The idea of an oath of loyalty seemed fine, and it was a good way to avoid the traditional death-knell of moral quandaries with one half of the group arguing against the other. So long as he was pushed further towards his goals, he'd probably go along with whatever they felt was best. If it wasted time, he'd certainly complain or raise a few problems, but that was about it. As such, when the group started seeking coin and found the head of a strange mystic stronghold hiring adventurers, he was less concerned about coin than where it was heading. Oh the coin helped, but it wasn't his primary goal.
To make it clear, while Davamros was a complete bastard, he still had a few laws he wouldn't break. He'd usually shrug his shoulders at murder, torture, exploitation or thievery unless it directly involved him, or a few things core to his creed. The most important among his beliefs revolved around those dying or departed, all of which were berserk buttons. If you were tormenting someone on the edge of passing into the afterlife or making their final days a living nightmare, he'd ensure you lived in terror for what little remained of your life. The same went for the departed, using undead as servants or defiling corpses would sent this guy into a rage and he'd hunt the perpetrator to the ends of the earth, then drown him. In lava. That's not an exaggeration either. Upon encountering a minor boss on our campaign, a Necromancer with a zombie swarm, on a pillar above a lava flow, he used Control Undead to have them grab him and leap off together.

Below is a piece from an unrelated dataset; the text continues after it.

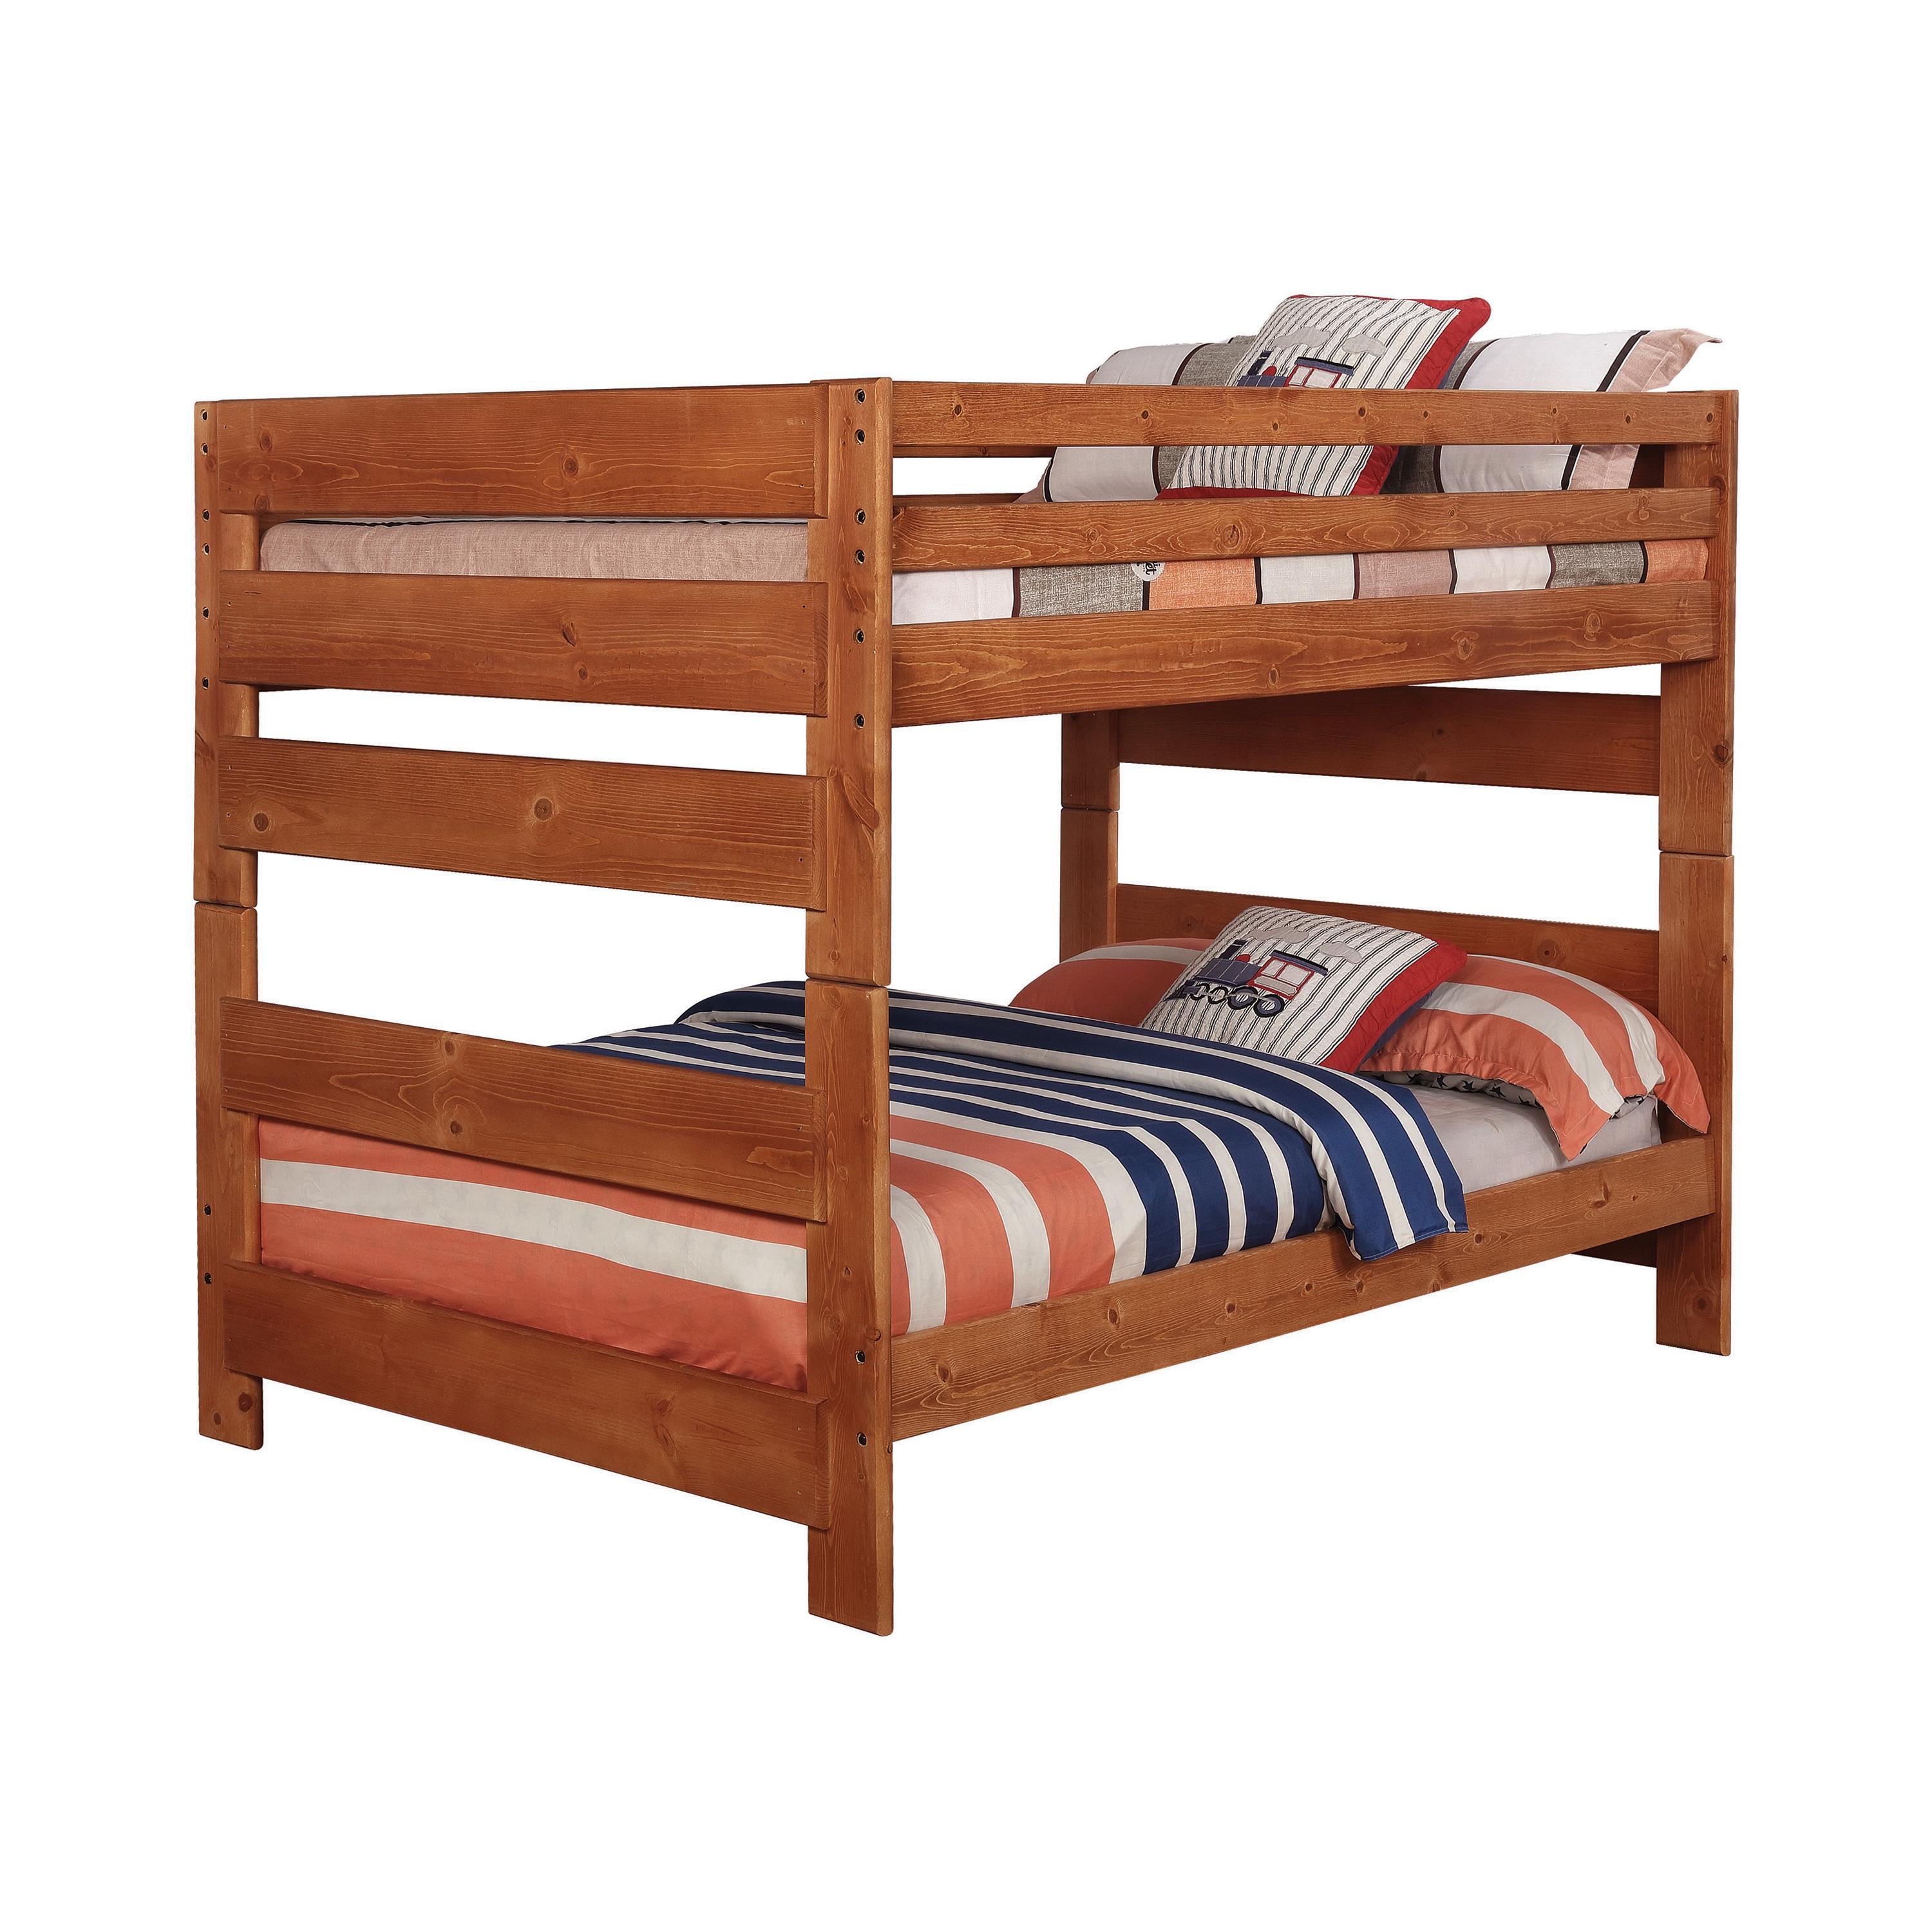 Transitional Bunk Bed 460096 Wrangle Hill 460096 in Amber

More than a few times the Cleric either went off from the group, or delayed them advancing, to deal with a restless ghost or build funeral pyres to fallen adventurers they found. In the latter case, upon finding the body of a Border Prince torn asunder by a dragon, he took everything of value (including a rather nice ancestral sword), burned the corpse, then returned those items to his family. So, what's the point in all of this? Well, to show exactly where he would draw the line and end a person. You can probably guess what was to follow next.
About three sessions into our planned campaign and having gone through the wilderness, we had a few more members join us. They were passed off as other adventuring parties after the same goal, so no problem there. Save for the elf. Personally I can't remember the guy's name, or even his exact character class, only that he might as well have arrived with a sign marked "I AM HERE TO RUIN EVERYTHING!"
Our task by this point had developed more and more. The mystic had hired us to find his missing apprentice, who had disappeared after stealing a tome valuable to him. Tracking down and to discover her fate, we had followed her deeper and deeper into the nation's version of the badlands. After dealing with a few goblin raiders, a few zombies, a number of hostile threats, we eventually found her trail leading inside a mountain. Cue dragon. The fight itself was pretty damn hard to say the least given we were only the fourth level, only for us to find that it was an infant.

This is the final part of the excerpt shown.